A sharp trace Adams' inequality in $\mathbb{R}^{4}$ and Existence of the extremals

TL;DR

This paper establishes a sharp form of the trace Adams' inequality in four dimensions, proves the existence of extremals, and applies these results to derive a sharp trace Adams-Onofri inequality for bounded domains.

Contribution

The paper introduces a sharp trace Adams' inequality in 4D, classifies solutions to related boundary value problems, and proves the existence of extremals using blow-up analysis.

Findings

Sharp trace Adams' inequality holds for α ≤ 12π².

Existence of extremals for the inequality is proven.

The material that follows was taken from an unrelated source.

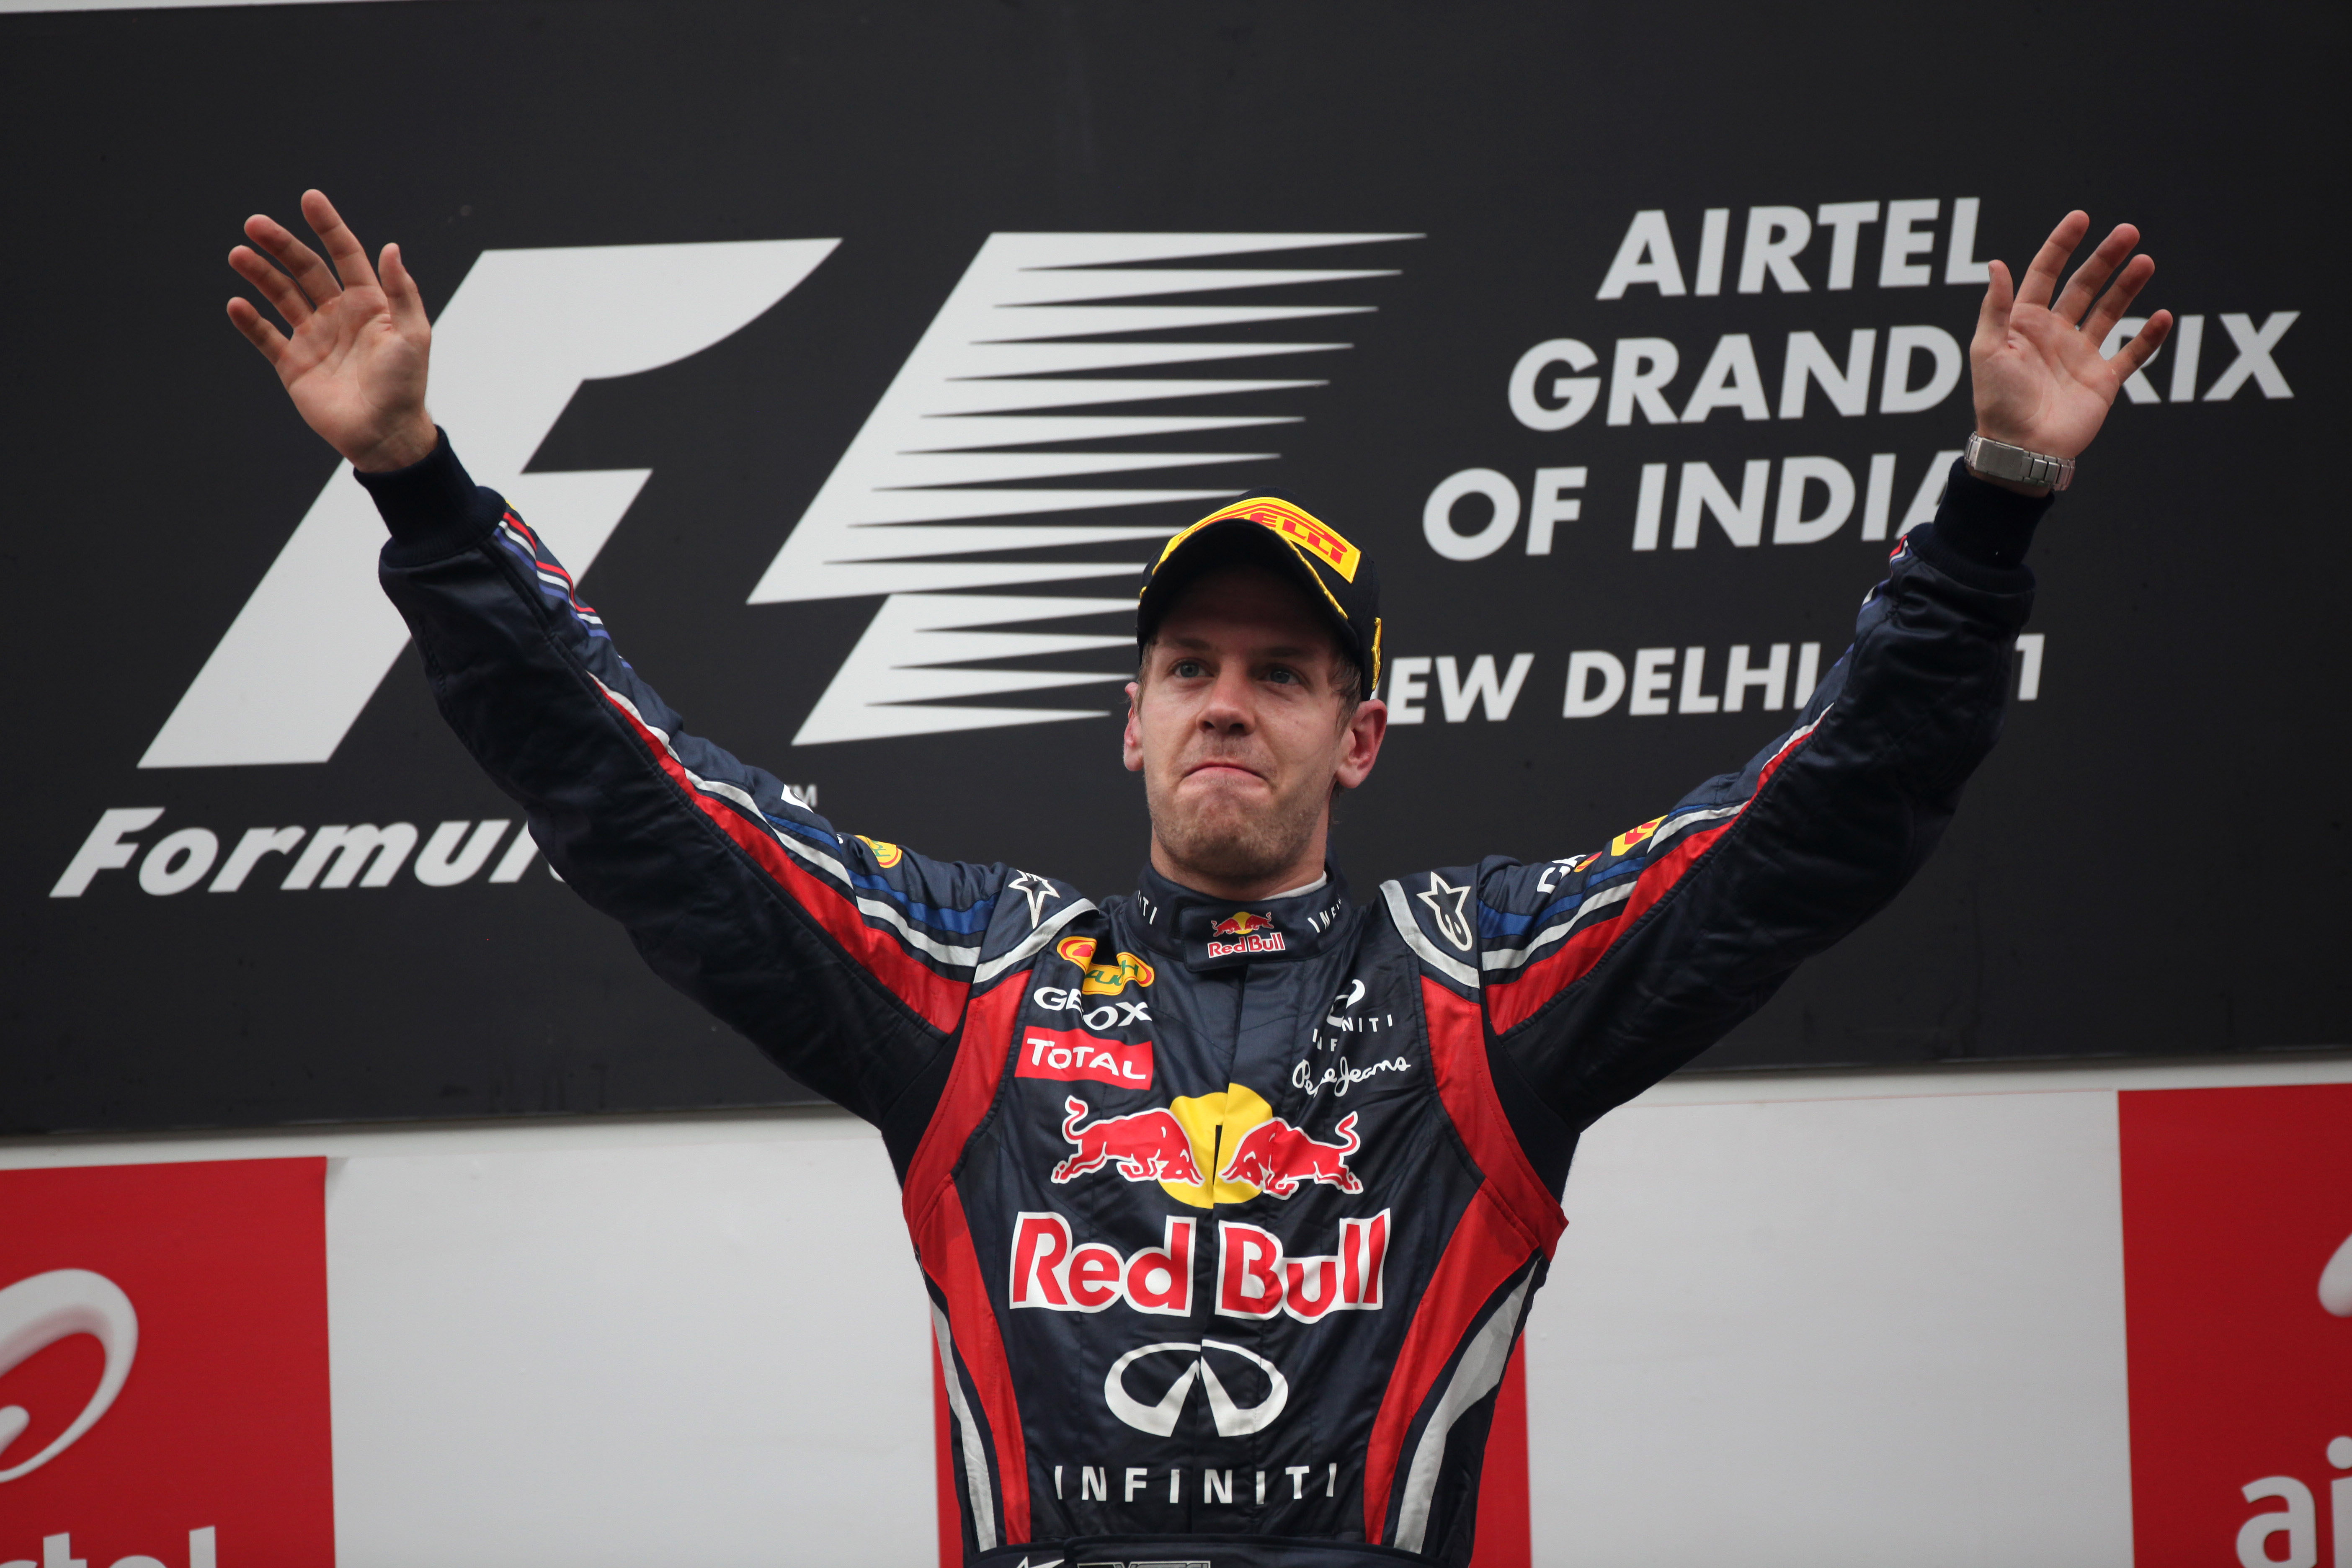 Vettel trots op zege in eerste Indiase Grand Prix

A sharp trace Adams-Onofri inequality is established for bounded domains.

Abstract

Let $\Omega\subseteq \mathbb{R}^{4}$ be a bounded domain with smooth boundary $\partial\Omega$. In this paper, we establish the following sharp form of the trace Adams' inequality in $W^{2,2}(\Omega)$ with zero mean value and zero Neumann boundary condition: \begin{equation*} S({\alpha})=\underset{\int_{\Omega}udx=0,\frac{\partial u}{\partial\nu}|_{\partial\Omega}=0,\Vert\Delta u\Vert_{2}\leq{1}}{\underset {u\in{W^{2,2}(\Omega)\setminus\{0\}}}{\sup}}\int_{\partial \Omega} e^{\alpha u^{2}}d\sigma<\infty \end{equation*} holds if and only if $ \alpha\leq12\pi^2$. Moreover, we prove a classification theorem for the solutions of a class of nonlinear boundary value problem of bi-harmonic equations on the half space $\mathbb{R}^4_{+}$. With this classification result, we can show that $S({12\pi^2})$ is attained by using the blow-up analysis and capacitary estimate. As an application, we prove a sharp trace Adams-Onofri type inequality in general four dimensional bounded domains with smooth boundary.